A look on the lighter side: Outed by Zoom at every click

Judy Epstein

Now that more and more of my life is lived in Zoom computer meetings, I’m starting to notice a few details.

For example, I am seeing that the other people in these meetings all seem to live with Martha Stewart, whereas I am clearly calling from the bottom of a well. A dark, messy, cluttered well.

And this is not just about my family and friends. With so many newspeople reporting from their own homes, it seems that if they’re not standing in a whistle-clean kitchen, then they’re sitting in a cozy, book-lined den. I can even tell you the color of their bookshelves, because with rare exceptions, everyone paints their bookshelves white.

My favorite is the bookshelf behind Rafael Pi Roman, a host and senior editor on WNET/Channel 13. He has so many books jammed onto every shelf, with even more wedged in at the top horizontally, that I can’t believe it hasn’t come down already. I tune in just to see if he will survive that bookcase for another day.

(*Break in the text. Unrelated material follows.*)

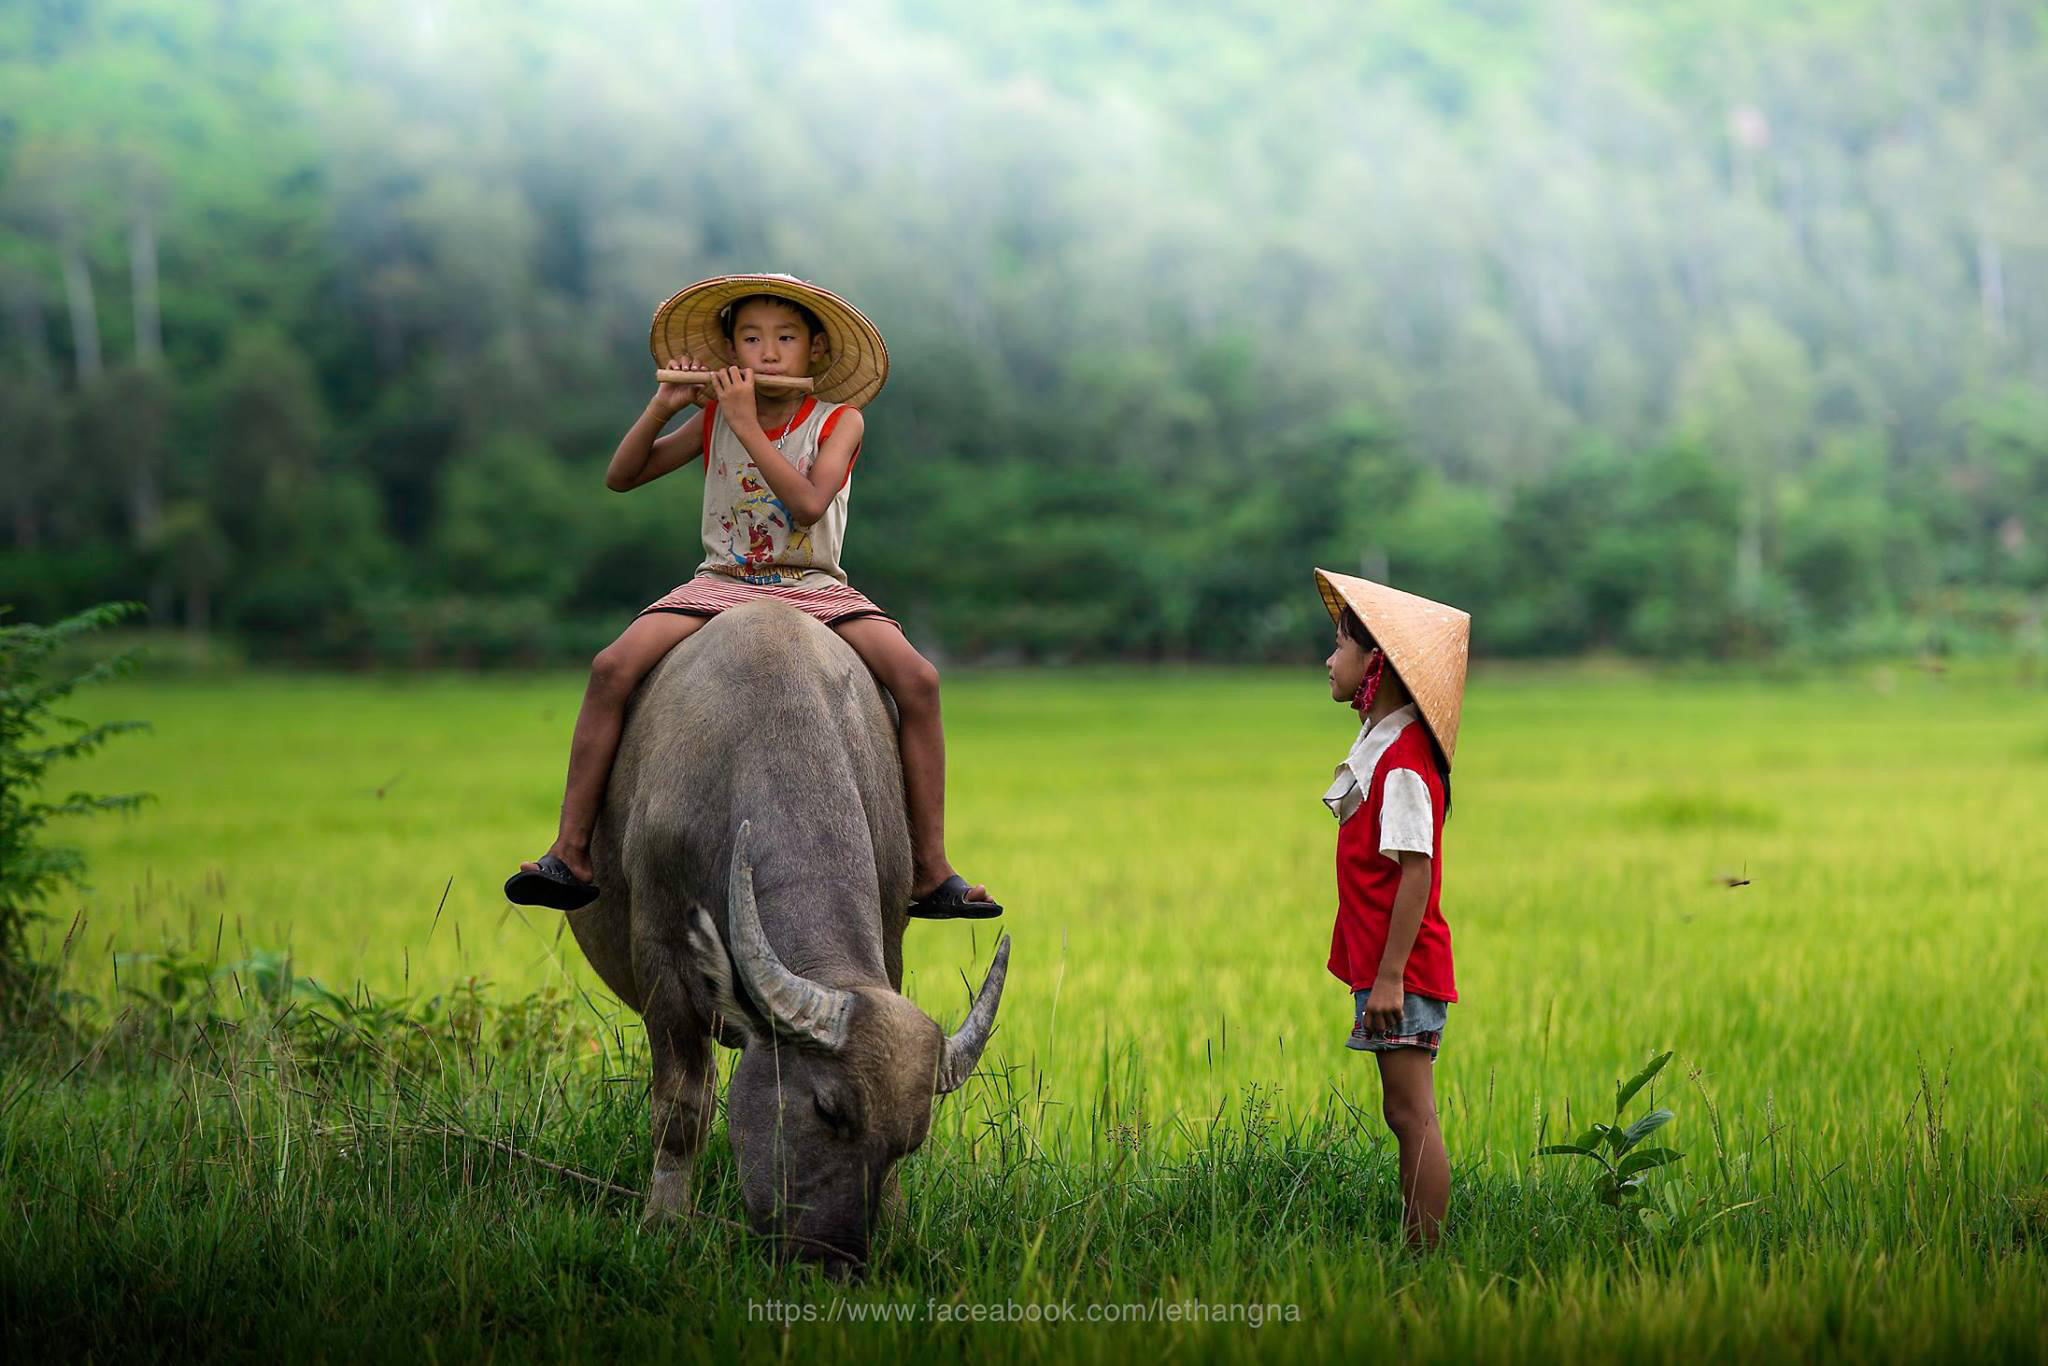 Nhanh tay tải về những hình ảnh làng quê Việt Nam với nét đẹp bình dị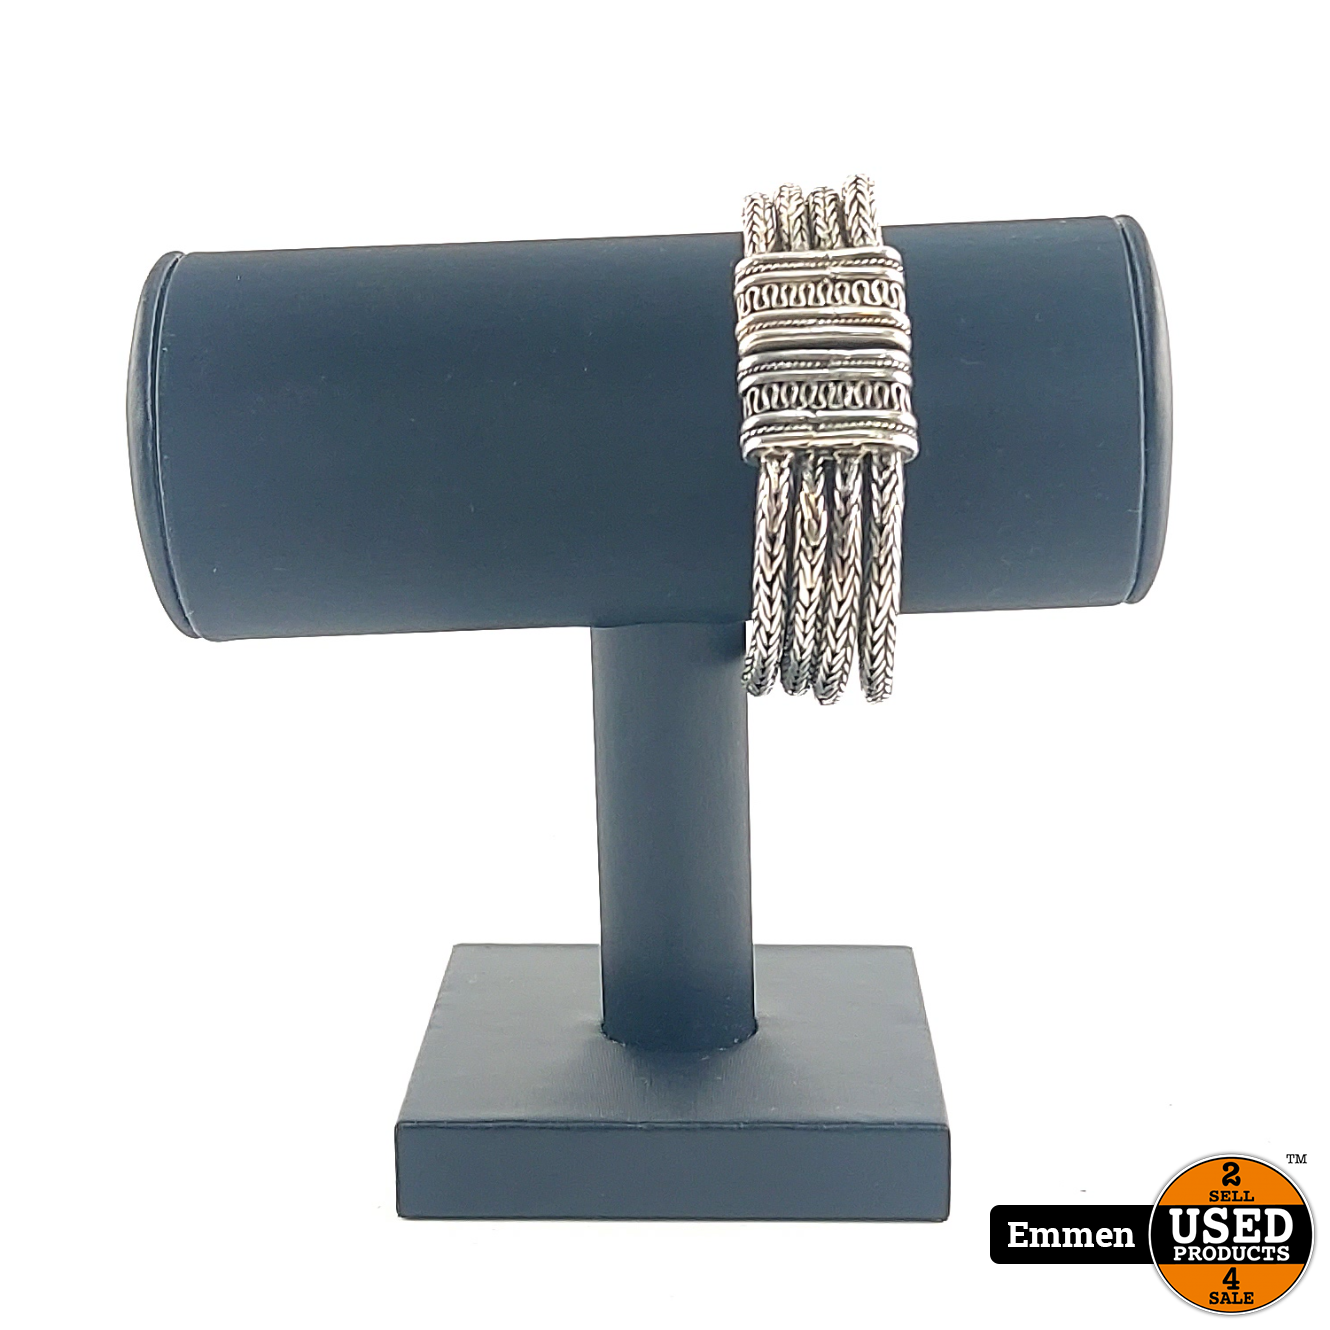 kompas Loodgieter Piraat Zilveren Armband 21Cm Lang 22mm Breed | Excl. Doos - Used Products Emmen

I have a bookcase, too, a lot neater than his — but no one seems to see it. All anybody sees are the few little odds and ends that are piled in front of it.

“Judy!” said my brother. “Is that your treadmill piled high with boxes and clothing? How long has it been since you used it?”

“Um, just a few weeks,” I said, and quickly change the subject.

“Yo, Judy,” sais a friend, some days later. “I thought you were getting rid of that old armchair? And what’s that sitting on top of it? A printer?”

“No, it’s a typewriter.”

“A typewriter? What do you need one of those for? I thought they’d all been melted down!”

“I need it to type up mailing labels, if you must know.”

“Why do that? You have a computer printer, don’t you?”

The truth is I’ve never yet figured out how to get a mailing label safely un-mangled through my printer, but she doesn’t need to know that. Instead, I said, “I’m saving it for when I type up a fake suicide note to leave next to your body.”

I was in a discussion group about the Golden Rule when my mind began to wander.

“What would it mean to do unto others as you would have others do unto you?” the leader was asking.

“Um, don’t judge me by the clutter in my Zoom background?” I volunteered.

The discussion moved on, but I stayed transfixed — by the seven years’ worth of tax records stacked on the couch.

And the seven years’ worth of toilet paper stacked on the floor beside it.

By the computer keyboard that quit working suspiciously soon after I sprayed it with Lysol, and which had to be replaced at full cost but which might dry out and start working again, someday.

And the recyclable shopping bag full of other bags that are all waiting for the day when we can leave the house because “Someday, Scarlett, I promise you, I will Shop Again!”

And what’s that big cardboard box with the big distracting label on the side? I decide to turn it so at least the label isn’t showing.

Oops! The whole thing fell over onto a stack of books, which fell onto the stack of toilet paper, which fell and rolled around and ….

It’s time I gave up. Maybe I should just drape a sheet over the whole mess and tell everyone I’m at the summer home, with the butler taking some time off. (Unless people are going to worry that the butler’s body is under the sheet?)

“Mom, why don’t you just use one of the zillion backgrounds Zoom has for precisely this situation?”

“You can do that? Quick! Find me some New-York-anchorperson bookshelves!”

Let people wonder how I got into the room with Rafael Pi Roman.